# Your instructions:
What are the lines below, starting at the line containing "tarragon lemon roasted" and ending at the line containing "Q Kitchen Co Qatar"? Write them out exactly, ends included, without pictures.

# Recorded information:
▼▼▼

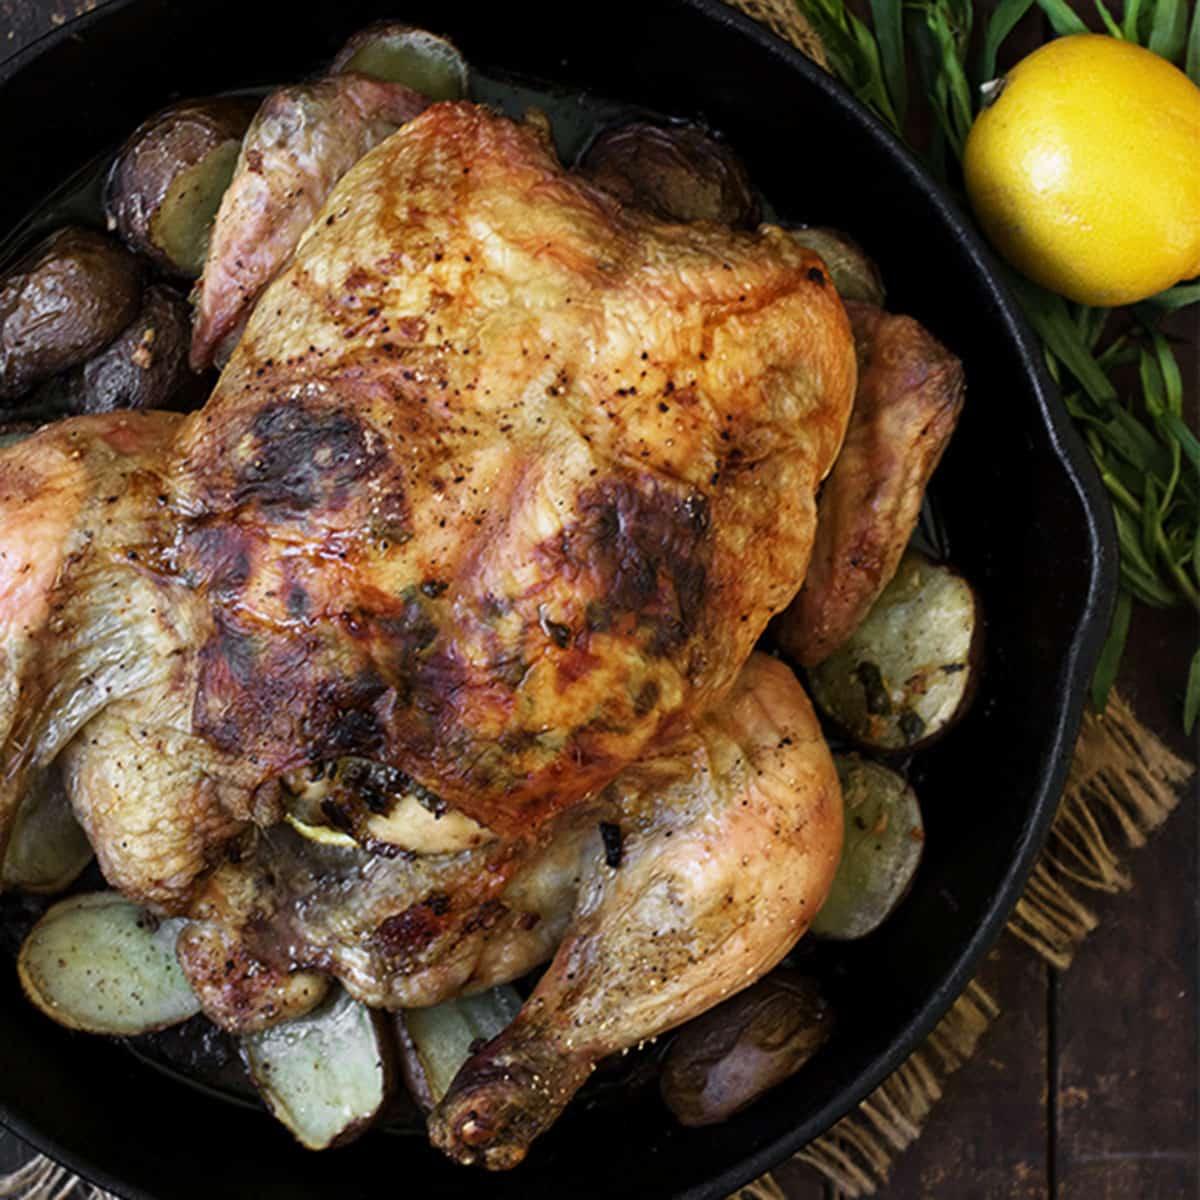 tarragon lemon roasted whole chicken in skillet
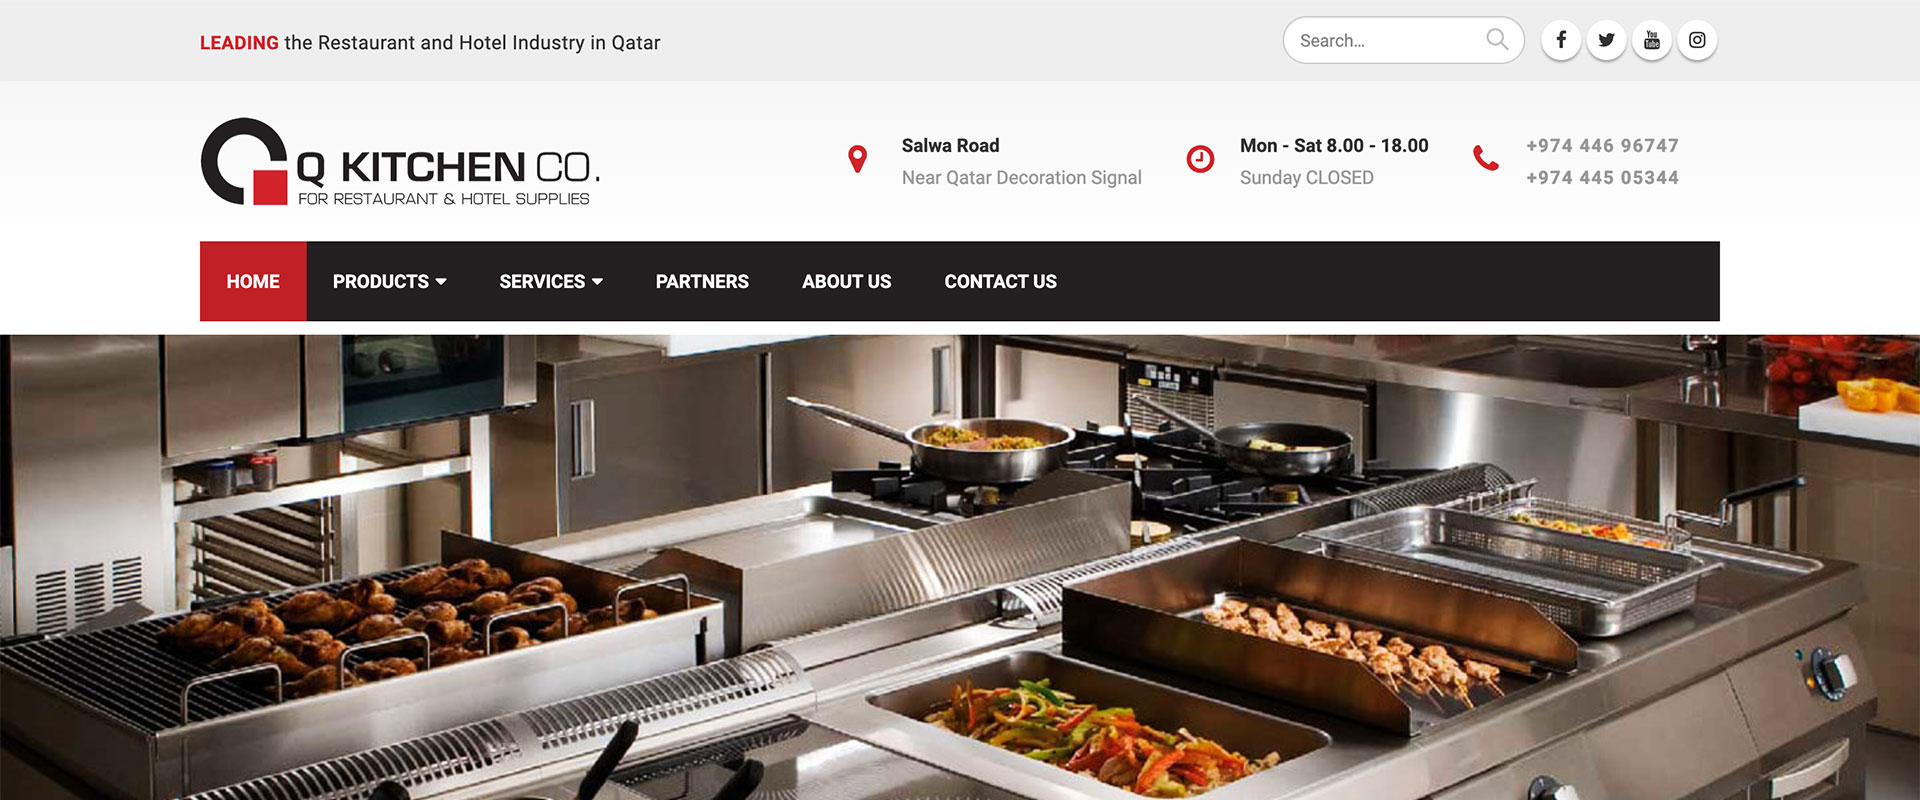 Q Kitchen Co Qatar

▲▲▲
▼▼▼

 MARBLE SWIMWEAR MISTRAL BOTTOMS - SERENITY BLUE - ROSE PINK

▲▲▲
▼▼▼

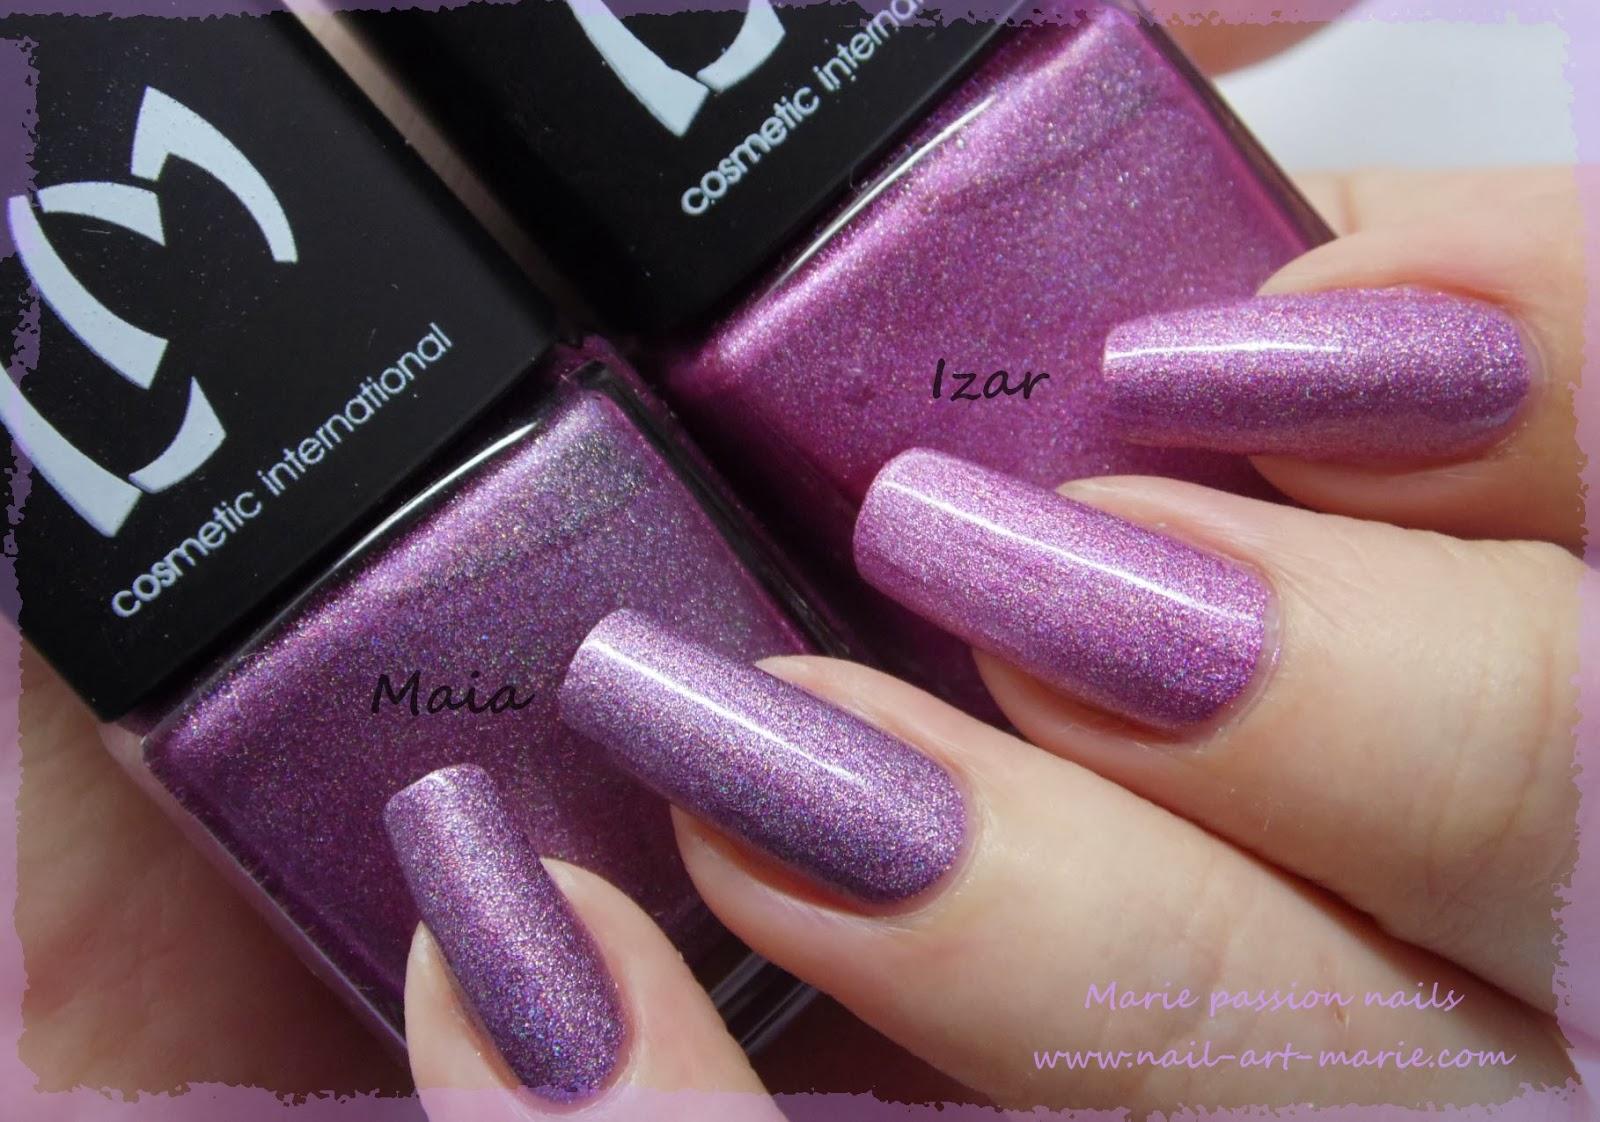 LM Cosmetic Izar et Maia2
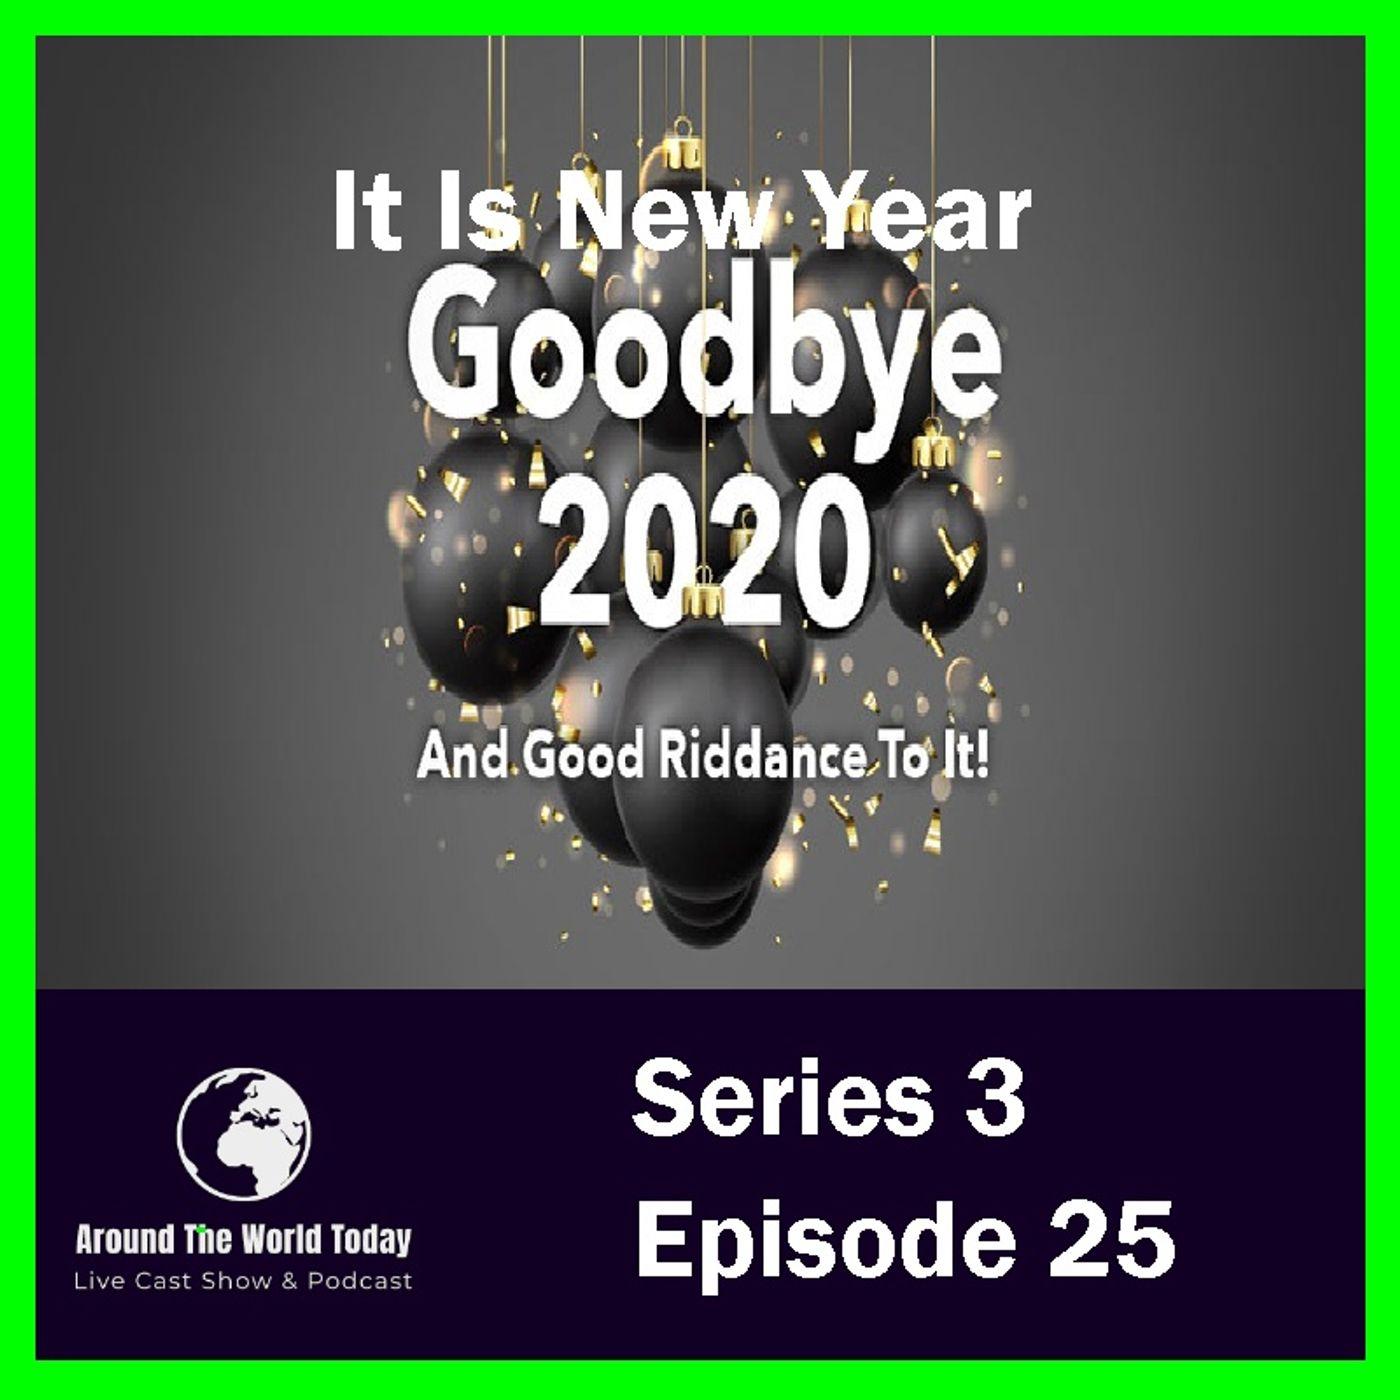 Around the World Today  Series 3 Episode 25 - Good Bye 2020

▲▲▲

# The answer:
 tarragon lemon roasted whole chicken in skillet
 Q Kitchen Co Qatar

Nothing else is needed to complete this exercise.